Scheduled to be presented in the Indian Parliament on 1st Feb, the Union Budget 2018 holds the highest criticality for India, Indians and world economy as a whole. This is the time of Great expectations from Mr. Arun Jaitley writes Faiz Askari.
Now, when we say, India we meant from a background of last few years which witnessed craftsmanship of policymaking for better infrastructure, redefined systems and processes. In last few years India has gone under major surgeries such demonetization, GST implementation and several flagship schemes such as ‘Make in India’, ‘Digital India’, ‘Swwach Bharat Abhiyan’ etc. all are crafted to ensure new systems in India which will or which should ultimately bring a positive change.

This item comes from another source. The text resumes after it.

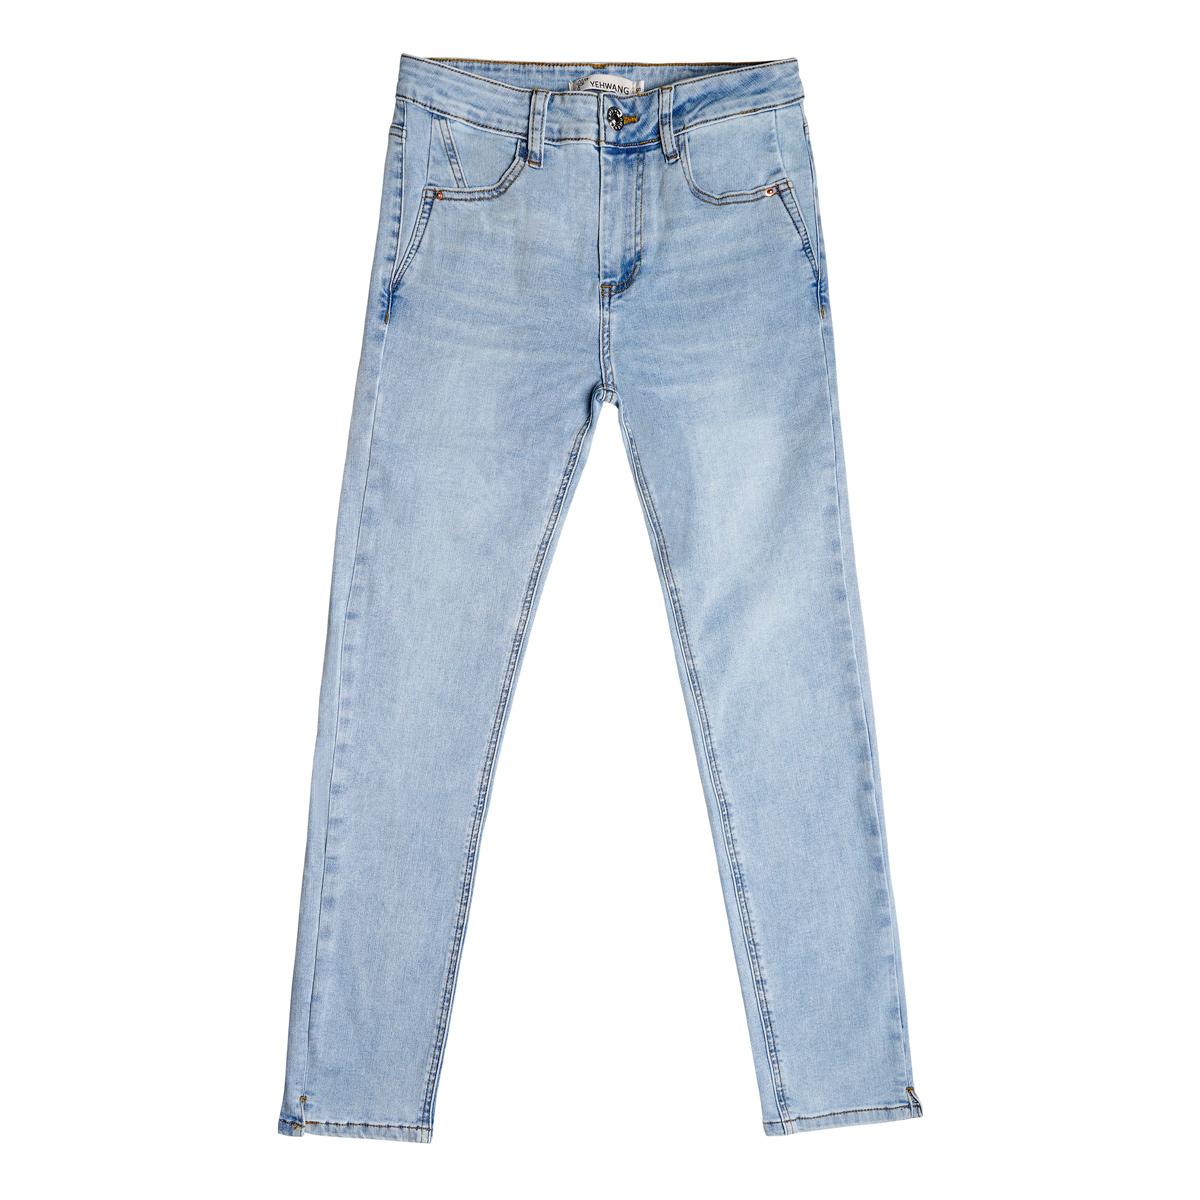 Lichtblauwe enkellange stretch denim jeans

This year’s Budget document is expected to show us measurable success metrics.
The criticality of this Union Budget for Indians can be understood by the fact that it is a budget which is getting shared ahead of General Elections 2019. So, again a common man is in the mainframe and most importantly, last few years have gone in receiving many speeches, announcements, and scheme rollouts from the perspective of the betterment of common man, now the results of all these activities are getting expected. And, lastly, this document is likely to be critically watched and observed by the entire world because of the evolving positioning of India in the global socio-economic scenario.
Blunt Demands from Union Budget 2018
India’s foreign policy has experienced a changed, so as other major countries such as United States, China, and even Pakistan have shown some significant changes in their outlook towards India. This Union Budget is expected to sketch out a game plan to make India’s position even stronger at the global level.
So, Indians and Indian entrepreneurs have some great expectations from Mr. Arun Jaitley to showcase results as well as attract masses to move ahead.
Economists, entrepreneurs are optimistic about India’s growth trajectory and it is obvious to mention that a tax rate cut is desperately expected. Reforms are most welcome but what is needed to have implementation strategy which can be more easy to introduce reforms into the system.
Therefore, even if fiscal prudence is exercised in this Budget, it will be important for the government to take into consideration the building expectations of the public. It is certain that it will continue to push forward its growth manifesto and make announcements on key aspects, such as attracting foreign investment, ease of doing business, employment generation, digitization and financial sector reforms. Clearly, with so many objectives to meet, the Honourable Finance Minister will be aiming for the bullseye to ensure that the key issues of various stakeholders are addressed once and for all!
Abhishek Goenka, Partner, and Leader, Corporate and International Tax at Pricewaterhouse Coopers India made few key demands ahead of Union Budget speech from Mr. Arun Jaitley. He says,“Reduction in the rate of corporate tax in line with the plan to bring it to 25% must be considered by Mr. Jaitley. In addition, simultaneous rationalization of the rates of dividend distribution tax and minimum alternate tax is also needed. This Budget should bring rationalization of the interest deduction limitation provisions by excluding interest paid to unrelated parties.” And most importantly, Goenka also pointed out demand for an exemption from MAT for companies on gains from the sale of shares on the stock exchange and removal of the “angel tax” provisions for investments in start-ups.
Now, coming on to the key reforms which can surely transform the industrial sector for next one year, Bimal Tanna Partner and Leader, Industrial Products at PWC India listed out following points as –demands which can surely transform the economy. Bimal said, “Reduction in the overall corporate tax rate to 25% for all companies, in line with the commitment made by the Finance Minister in need of the hour. The industry also wants clarity on GST implications of various sales promotion schemes. For companies referred to NCLT under the Insolvency and Bankruptcy code: Waiver of outstanding loan and interest thereon should not be taxed under MAT and normal provisions.”
In terms of motivating investments, the finance minister, Mr. Jaitley, must restore the investment allowance under section 32AC and higher depreciation for plant and machinery from 15% to 25% to provide a boost for investment in manufacturing industries. “Restoring the highest rate of depreciation instead of present 40% to provide impetus to industries using energy saving equipment which is efficient in curbing the pollution,” Bimal quoted, “Allow the carry forward of unutilised R&D deduction under section 35 (2AB) benefit for an indefinite period (on the lines of unabsorbed depreciation).”